The one deliverable that wins clients before you write a word of copy
March 24. 2026 · 7 min read
75% of freelance copywriters say finding clients is their biggest challenge.
That number jumped 20% in just two years. In 2025 it is worse than ever. More copywriters. More AI tools. More competition. 99% of freelancers report marketing as a challenge.
Most copywriters try to win clients by showing their writing. Portfolios. Samples. Spec work. “Look how well I write.”
The copywriters who never struggle with clients do something different. They do not show their writing first.
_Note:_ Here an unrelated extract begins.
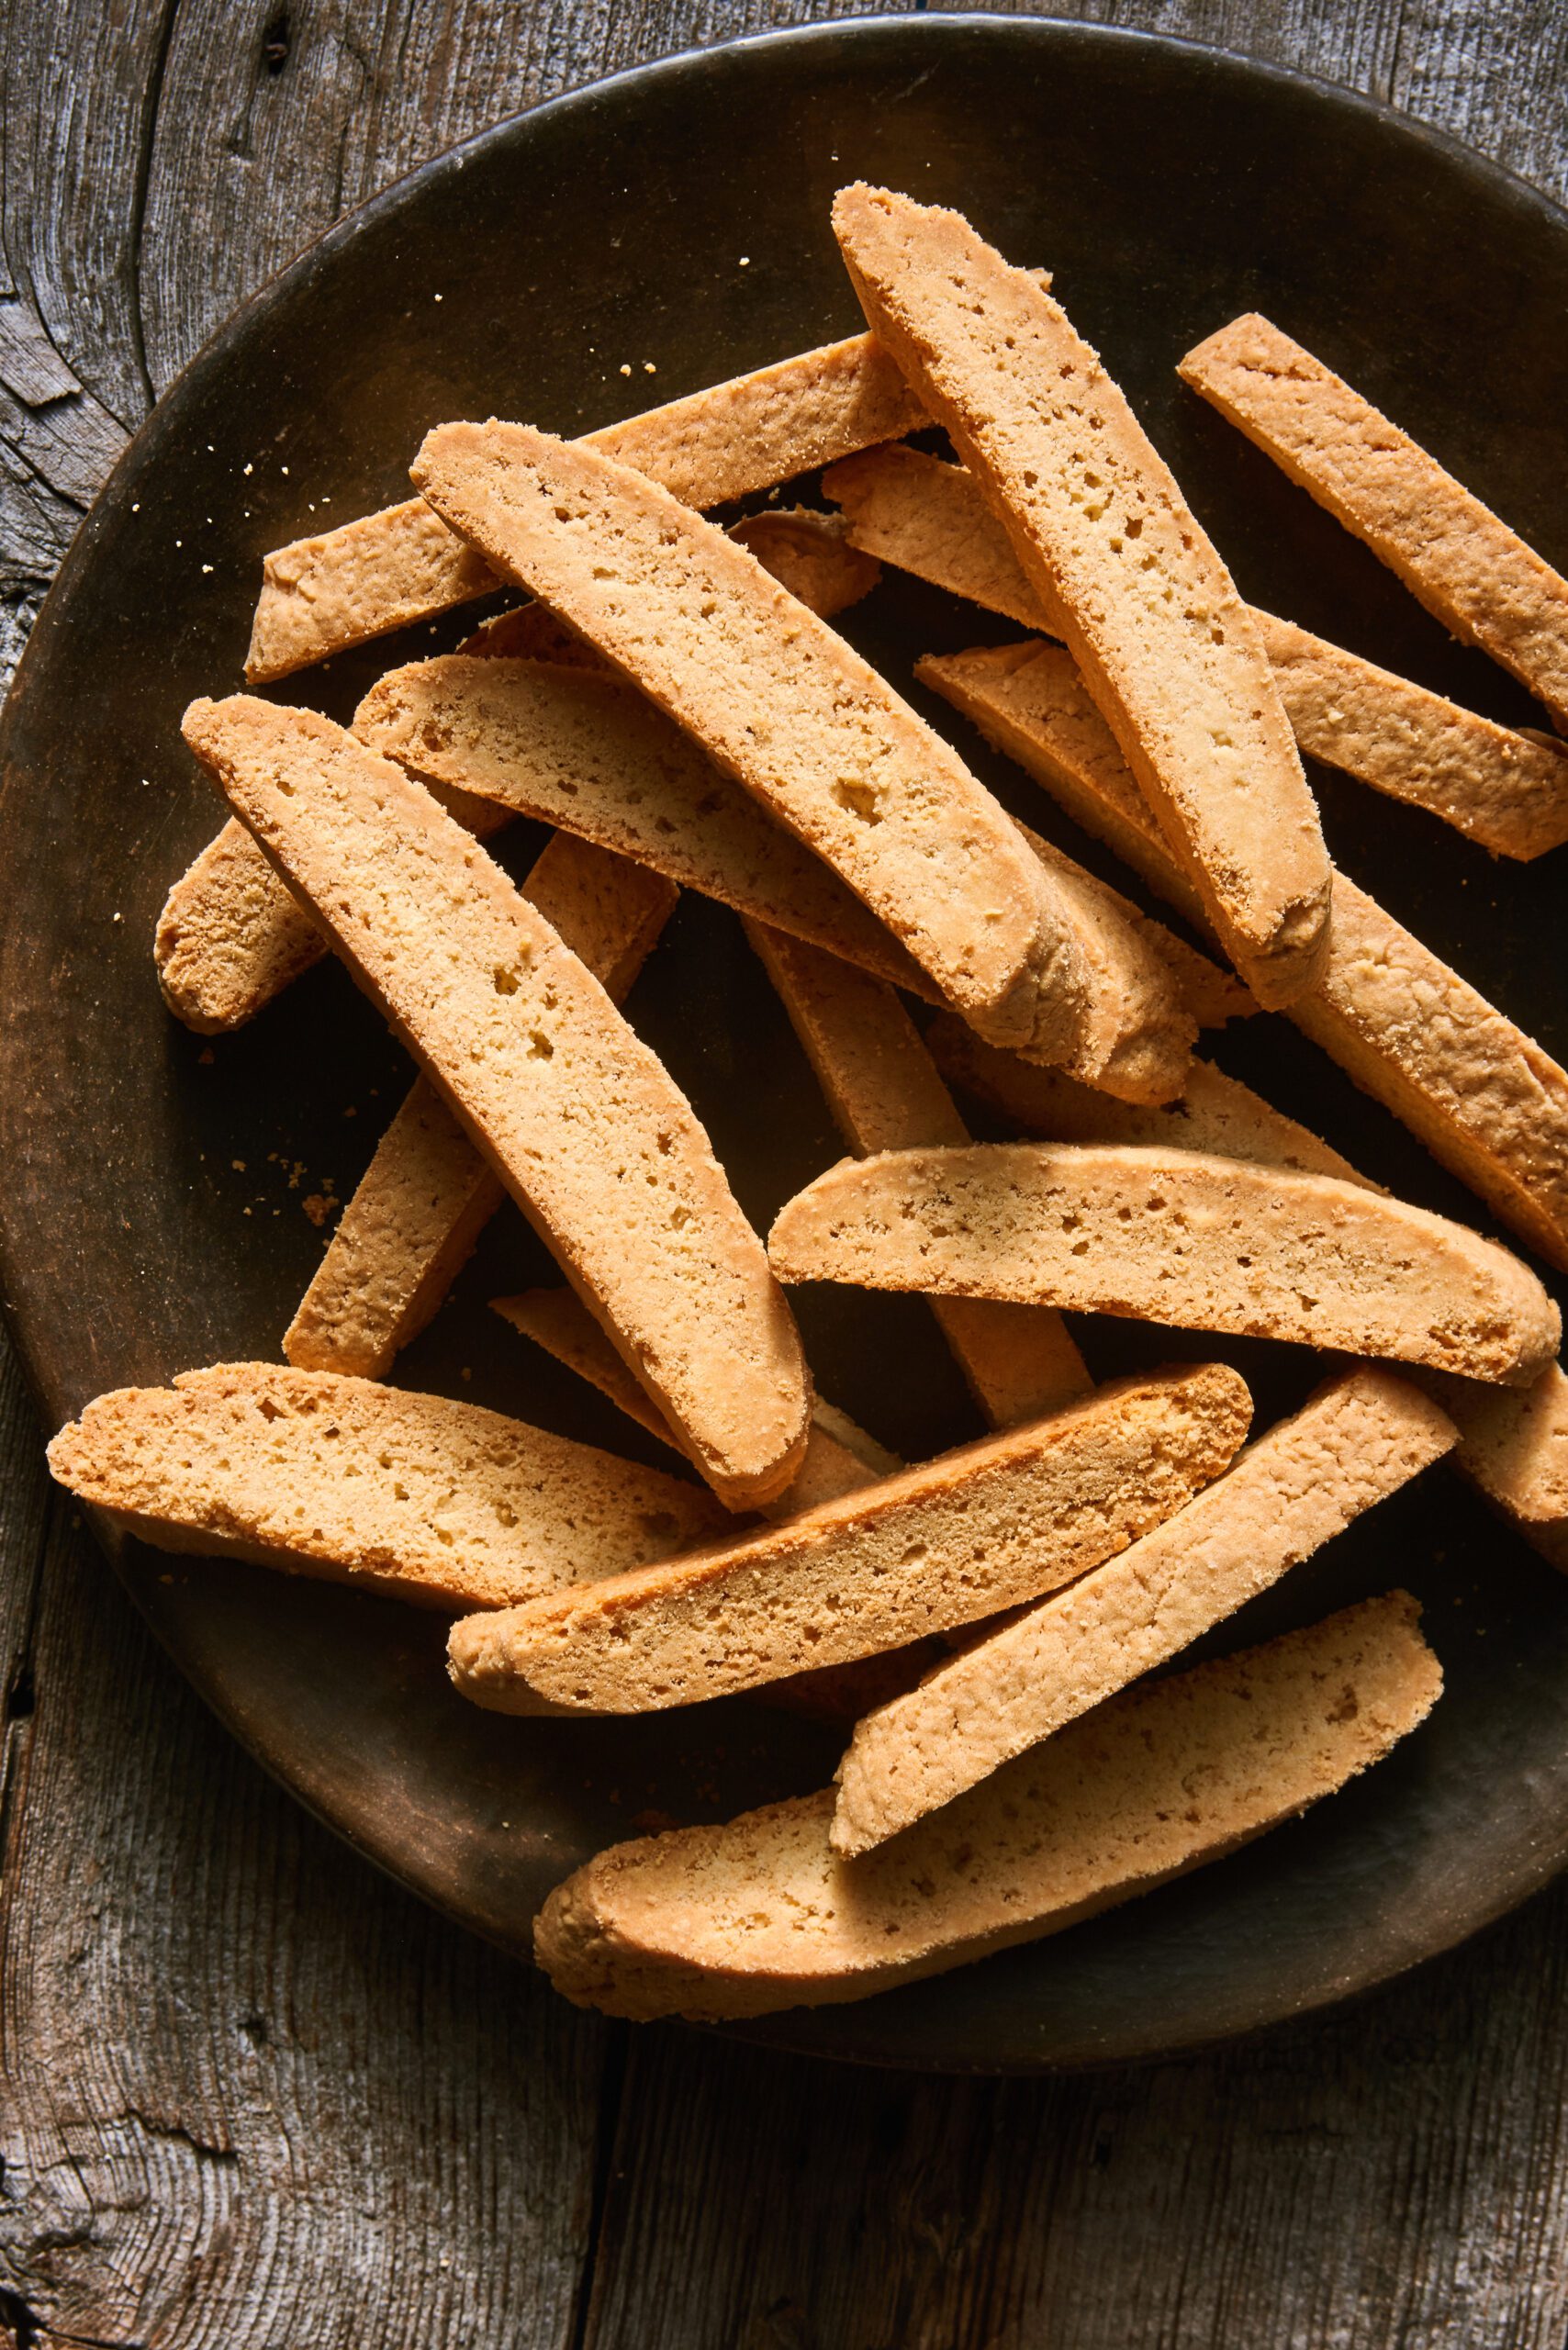 https://www.theclevercarrot.com/wp-content/uploads/2022/11/Anise-Biscotti-Plate-scaled.jpg

They show their UNDERSTANDING first.
What clients actually say
When clients explain why they chose a specific copywriter the answer is never “they had the best portfolio.”
Here is what they actually say:
“Took the time to understand our unique business and the message we wanted to convey.”
“Understood the local area and our demographic perfectly and always had ideas that matched our company ethos.”
“Immediately understood my brand and the nuances of the services I provide.”
“Her research and keen eye to detail has been an integral part of our marketing success.”
The word that keeps coming up: understood.
Not “wrote well.” Not “was affordable.” Not “had an impressive portfolio.”
Understood. The client hired the person who understood their business. Their audience. Their problem.
The portfolio problem
Your portfolio shows what you have DONE. For other clients. In other industries. For other audiences.
The client does not care about other clients. They care about THEIR problem. THEIR audience. THEIR market.
A portfolio says: “I am a good writer.”
A research brief says: “I already understand your audience. Here are the top 5 things they complain about. Ranked by frequency. With real quotes. From Reddit. G2. Trustpilot. Want to see what they say about your competitors?”
Which one makes the client stop negotiating and start hiring?
The deliverable
Before the first meeting spend 2-3 hours doing audience research for the client's market. Not a full deep dive. A quick scan.
Read 15-20 Reddit threads about their industry. Pull 10-15 real quotes from their audience. Sort them by pain and desire. Note the emotional language.
Put it in a simple doc:
Page 1: The top 5 pains their audience mentions. With a real quote for each one.
Page 2: The top 5 desires. With a real quote for each one.
Page 3: 3 things their audience says about competitors. Good and bad.
Page 4: 5 phrases their audience uses that could become headlines.
That is it. 4 pages. 2-3 hours of work. Free.
Send it before the meeting. Or show it IN the meeting. The client's reaction will be one of two things:
“How did you know all this?” Or: “When can you start?”
Usually both.
Why this works
A copywriter on Reddit said something that explains it perfectly:
“People balk at $5K until they realize they would have to do all that themselves.”
When the client sees 4 pages of audience data they realize two things at once:
1. This person already understands my market better than I expected.
2. Doing this myself would take days.
The research brief is not a gift. It is a demonstration of value. It shows the client what they are buying. Not words on a page. Understanding. Depth. The iceberg under the copy.
“I am comfortable charging $8-10k for a funnel because I know I am walking in with a stack of VOC that is 2 inches thick. The copy is the tip of the iceberg. The research is the iceberg.”
The client is not hiring your writing. They are hiring the iceberg. And the research brief is the first thing that makes the iceberg visible.
The math
Let me break down why this is the highest-ROI thing you can do for client acquisition.
Time invested: 2-3 hours per prospect.
If you send 5 research briefs per month and 2 of them convert to projects at $5,000 each: that is $10,000 in revenue from 10-15 hours of research.
Your effective rate: $667-$1,000/hr on the acquisition work.
Compare that to cold emails. Average response rate on cold outreach: 1-5%. One copywriter sent 25 pitches per week for 3 months before hitting their first 5-figure month. That is 300 pitches. Most of them ignored.
5 research briefs. 2 clients. $10,000. No cold pitching. No rejection. No waiting.
Because you are not asking to be hired. You are showing what you already know. The client hires you because NOT hiring you would mean losing the person who already understands their audience.
The Nathan Barry lesson
Nathan Barry built ConvertKit to $36 million in annual revenue. His early growth strategy: he manually migrated people's email lists from MailChimp to ConvertKit. By hand. While watching Netflix.
He did the work FIRST. For free. Then asked for the sale.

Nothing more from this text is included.